Field Sparrow Singing – A Less Common Song

A calm, cool, crisp, exquisite spring morning, with a cloudless blue sky and winter-bare trees in a hesitant haze of palest green, like a mist. Water oaks are leafing out in pale tiny leaves; sweet gums, further along, shimmer with fresh foliage, and dogwoods hover greenish-white with blooms almost ready to open. And all these trees around our yard, and a few remaining pines, too, were filled with sparkling, quivering, delicate music – the songs of Yellow-rumped Warblers. All winter long, all they’ve expressed is dry, gray comments of check! And now, suddenly, they bloom into floral, silvery songs.

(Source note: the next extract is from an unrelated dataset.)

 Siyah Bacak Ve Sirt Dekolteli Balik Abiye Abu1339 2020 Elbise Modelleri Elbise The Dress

Northern Cardinal, Carolina Wren, Tufted Titmouse, Carolina Chickadee, Chipping Sparrow, Brown Thrasher, Louisiana Waterthrush, and Ruby-crowned Kinglet also sang – and a Black-and-white Warbler sang weesa-weesa-weesa. A couple of Mourning Doves and three Dark-eyed Juncos searched for seeds under the feeders in the front yard. A Yellow-bellied Sapsucker flew to the trunk of a pecan tree. A pair of Downy Woodpeckers tapped on branches and worked on one of the feeders. A Red-bellied Woodpecker called quurrrr.

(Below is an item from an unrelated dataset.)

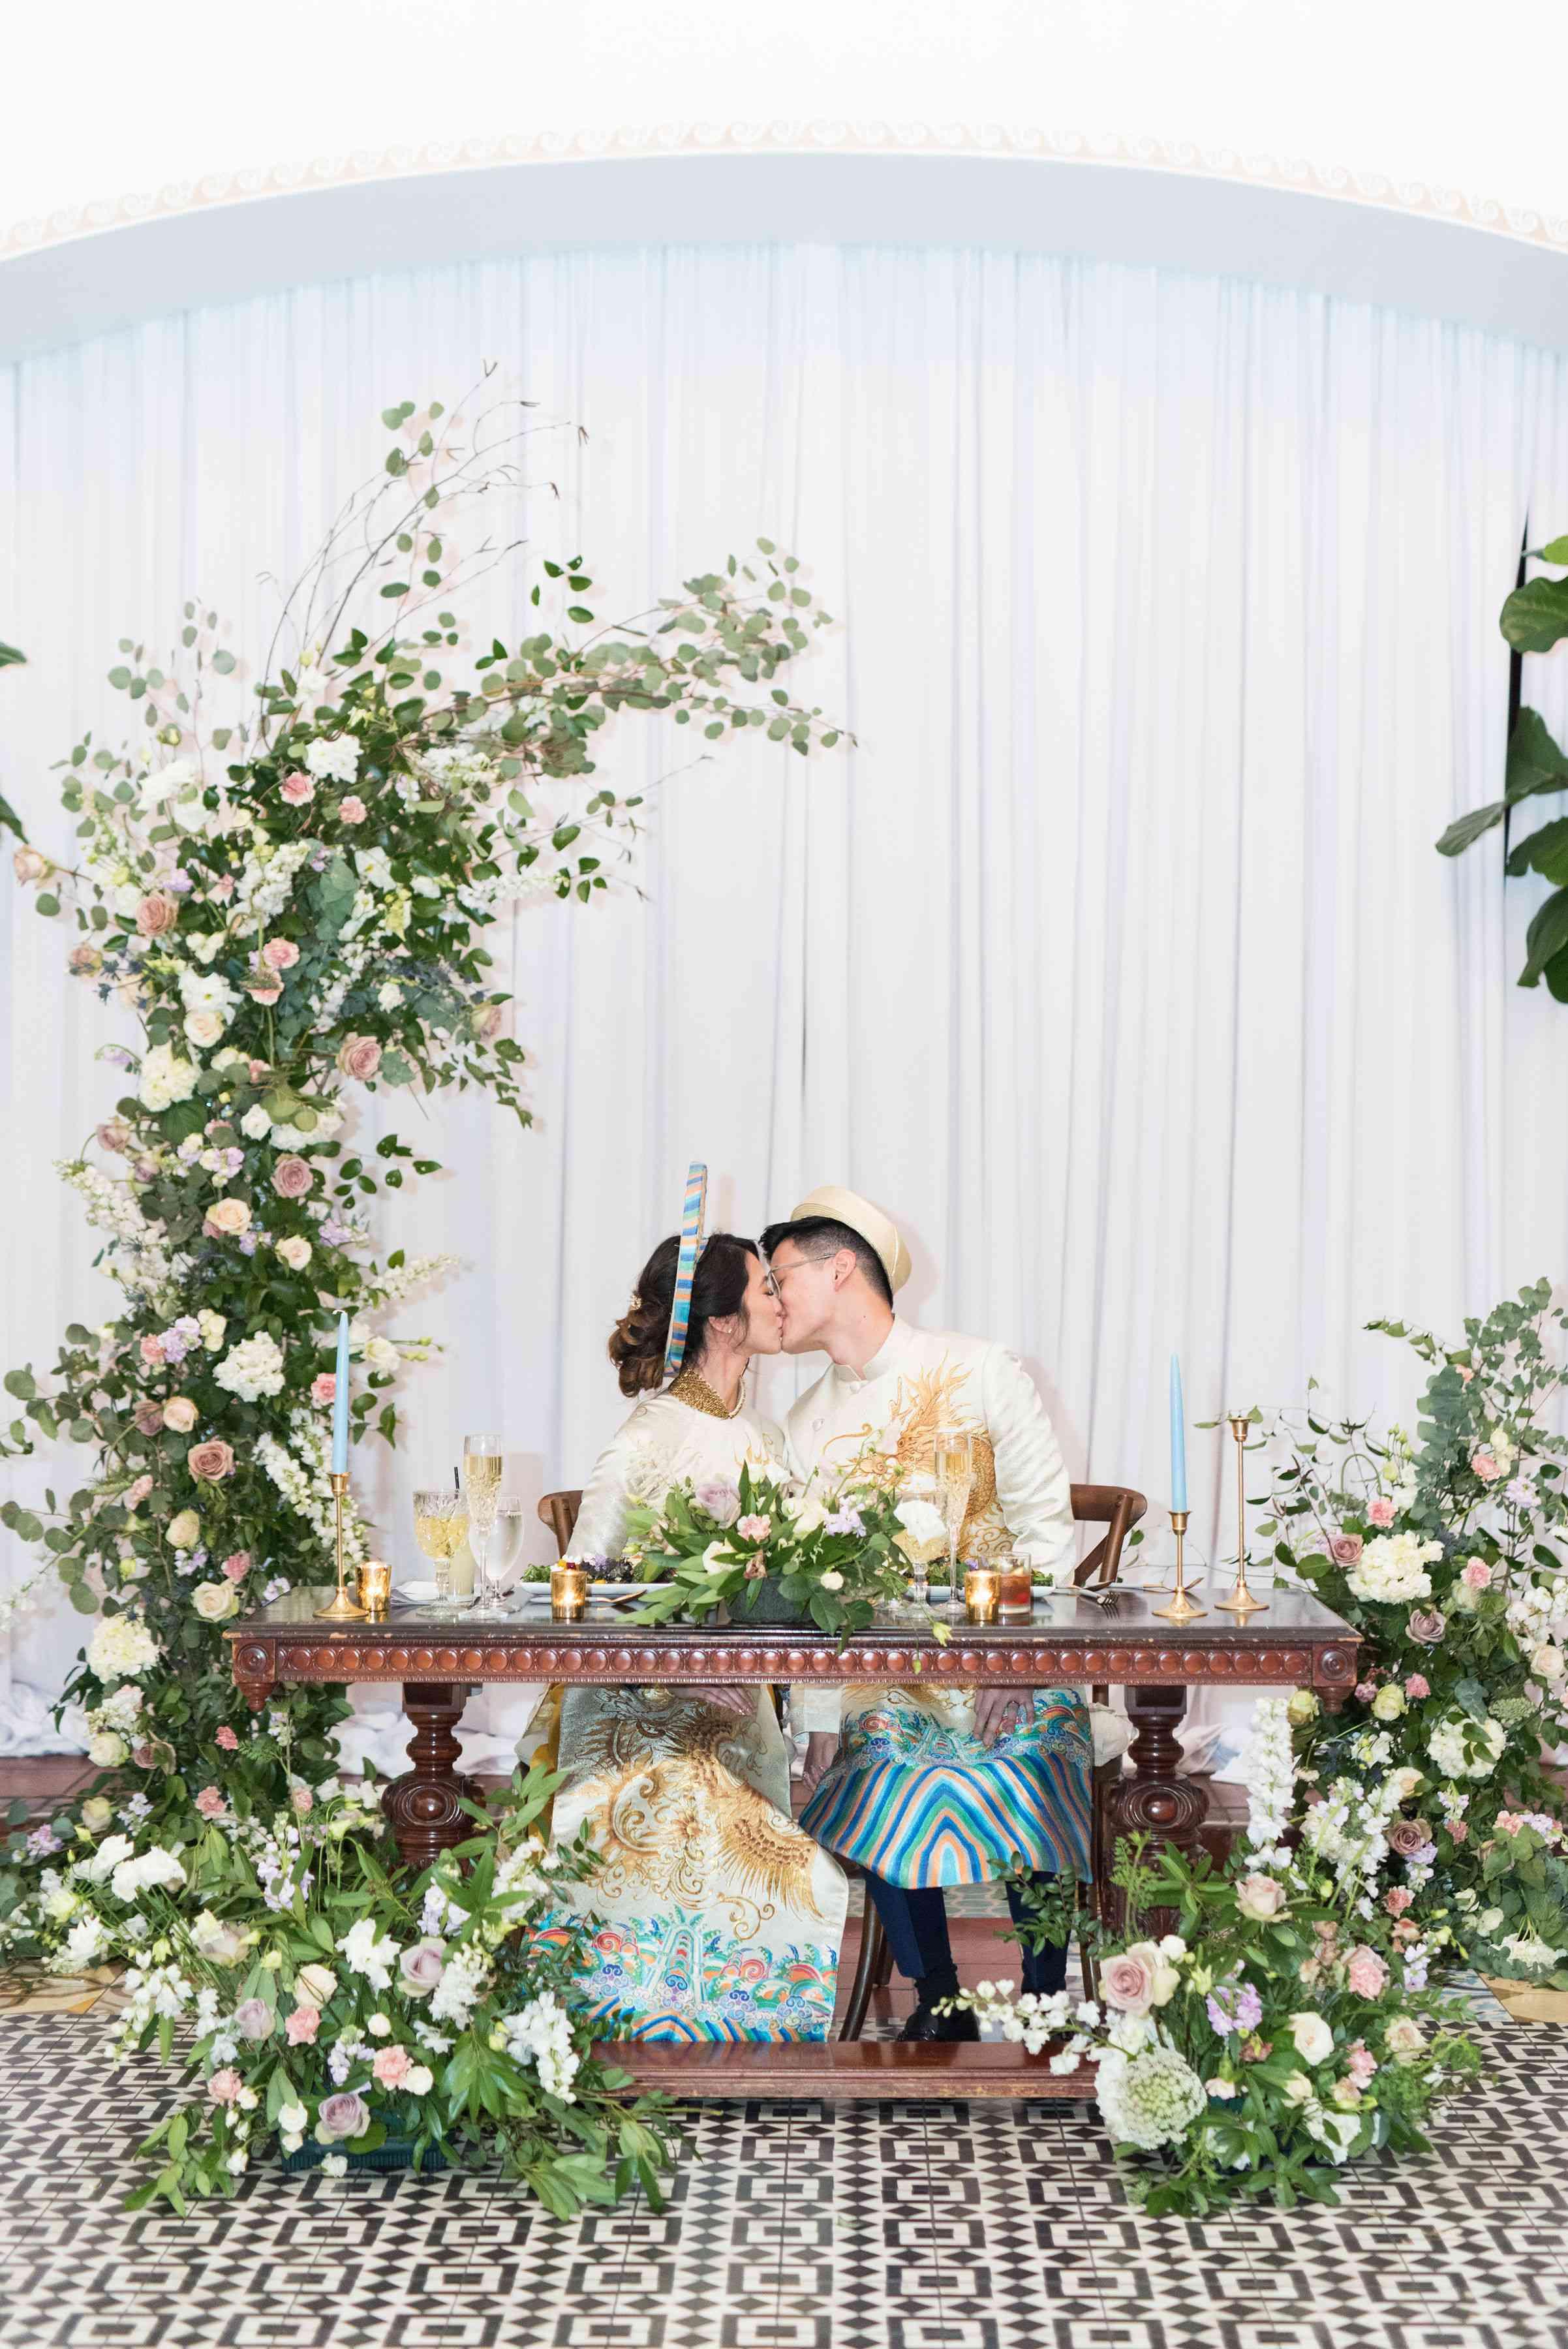 newlyweds kissing at table

But the real gift of the morning was the bright, cheery, bouncing song of a Field Sparrow, a series of clear whistled notes followed by several falling notes that are usually described as a trill, but sound to me like the tap-tap-tap-tapping of a ping-pong ball. The Field Sparrow perched in the limbs of a young red maple tree, among new young red leaves, a very small, plain, ordinary-looking, brown-streaked sparrow with a soft rusty cap, a gray and rusty face and thin white eye-ring, and a small pink bill and pink legs.

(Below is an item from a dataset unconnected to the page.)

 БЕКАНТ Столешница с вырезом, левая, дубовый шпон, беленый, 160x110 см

A common bird of old fields, pastures and clearings, the Field Sparrow used to be a bird I heard and saw often. It’s an old and familiar friend. But in recent years, I have found them less and less often, so when I hear or see one now, I notice it more. While still considered widespread in eastern North America, populations of Field Sparrows are known to be declining, probably because of loss of the brushy, weedy habitat they need. They like weeds and open fields – and fade away when subdivisions, lawns and street lights replace the open, untended spaces.

I don’t know why this one was here, and doubt it will stay, but it was a pleasure to hear and see it passing through.